*** INPUT DATA ***
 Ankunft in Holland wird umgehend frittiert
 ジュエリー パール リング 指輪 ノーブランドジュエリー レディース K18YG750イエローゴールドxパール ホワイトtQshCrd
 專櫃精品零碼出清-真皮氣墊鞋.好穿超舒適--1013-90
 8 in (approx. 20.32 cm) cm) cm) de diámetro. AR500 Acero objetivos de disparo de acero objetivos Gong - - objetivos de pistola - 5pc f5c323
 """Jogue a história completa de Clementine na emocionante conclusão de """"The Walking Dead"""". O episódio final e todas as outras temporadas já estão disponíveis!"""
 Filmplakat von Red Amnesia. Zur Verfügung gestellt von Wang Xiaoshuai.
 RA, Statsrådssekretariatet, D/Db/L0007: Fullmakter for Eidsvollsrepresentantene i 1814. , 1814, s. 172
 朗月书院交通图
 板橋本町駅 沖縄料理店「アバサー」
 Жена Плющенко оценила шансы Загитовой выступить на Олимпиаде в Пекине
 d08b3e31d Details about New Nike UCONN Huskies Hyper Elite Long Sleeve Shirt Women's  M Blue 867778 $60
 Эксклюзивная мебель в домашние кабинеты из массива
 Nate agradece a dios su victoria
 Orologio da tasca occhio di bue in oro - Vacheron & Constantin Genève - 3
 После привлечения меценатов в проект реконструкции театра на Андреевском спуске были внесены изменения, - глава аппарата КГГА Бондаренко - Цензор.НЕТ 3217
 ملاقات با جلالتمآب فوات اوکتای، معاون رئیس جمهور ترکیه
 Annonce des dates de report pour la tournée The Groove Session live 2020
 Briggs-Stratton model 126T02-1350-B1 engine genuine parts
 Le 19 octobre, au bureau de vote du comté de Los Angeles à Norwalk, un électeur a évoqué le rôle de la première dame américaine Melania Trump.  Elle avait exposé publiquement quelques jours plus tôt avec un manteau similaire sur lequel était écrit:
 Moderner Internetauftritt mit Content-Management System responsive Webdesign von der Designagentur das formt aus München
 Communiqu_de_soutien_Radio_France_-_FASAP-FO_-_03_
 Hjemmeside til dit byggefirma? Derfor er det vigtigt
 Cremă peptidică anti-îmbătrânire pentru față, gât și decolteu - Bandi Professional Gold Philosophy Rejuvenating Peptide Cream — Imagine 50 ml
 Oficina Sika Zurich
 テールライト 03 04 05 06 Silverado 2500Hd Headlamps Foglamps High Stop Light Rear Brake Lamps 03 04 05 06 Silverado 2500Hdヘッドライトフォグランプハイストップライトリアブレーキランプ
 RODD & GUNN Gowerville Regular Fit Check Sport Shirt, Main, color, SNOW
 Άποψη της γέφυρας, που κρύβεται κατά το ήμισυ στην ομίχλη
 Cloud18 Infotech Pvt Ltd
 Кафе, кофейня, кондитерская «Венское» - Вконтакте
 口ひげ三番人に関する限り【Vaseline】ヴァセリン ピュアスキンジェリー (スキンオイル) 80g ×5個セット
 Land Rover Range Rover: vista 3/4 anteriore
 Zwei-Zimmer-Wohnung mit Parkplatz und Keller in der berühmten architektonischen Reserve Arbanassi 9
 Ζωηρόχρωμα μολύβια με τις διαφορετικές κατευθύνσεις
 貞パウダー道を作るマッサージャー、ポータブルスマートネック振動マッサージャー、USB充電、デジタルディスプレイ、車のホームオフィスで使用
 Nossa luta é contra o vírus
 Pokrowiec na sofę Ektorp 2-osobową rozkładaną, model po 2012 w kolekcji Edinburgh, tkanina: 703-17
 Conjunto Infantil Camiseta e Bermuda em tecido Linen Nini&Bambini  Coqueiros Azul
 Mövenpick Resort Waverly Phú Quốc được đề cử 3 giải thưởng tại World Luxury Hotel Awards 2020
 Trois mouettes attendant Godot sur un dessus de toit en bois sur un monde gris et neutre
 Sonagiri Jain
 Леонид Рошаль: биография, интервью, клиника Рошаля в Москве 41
*** End of INPUT DATA ***
#### ASSIGNMENT
Return each line above where the word "Shirt" shows up.

#### EXERCISE ANSWER
 d08b3e31d Details about New Nike UCONN Huskies Hyper Elite Long Sleeve Shirt Women's  M Blue 867778 $60
 RODD & GUNN Gowerville Regular Fit Check Sport Shirt, Main, color, SNOW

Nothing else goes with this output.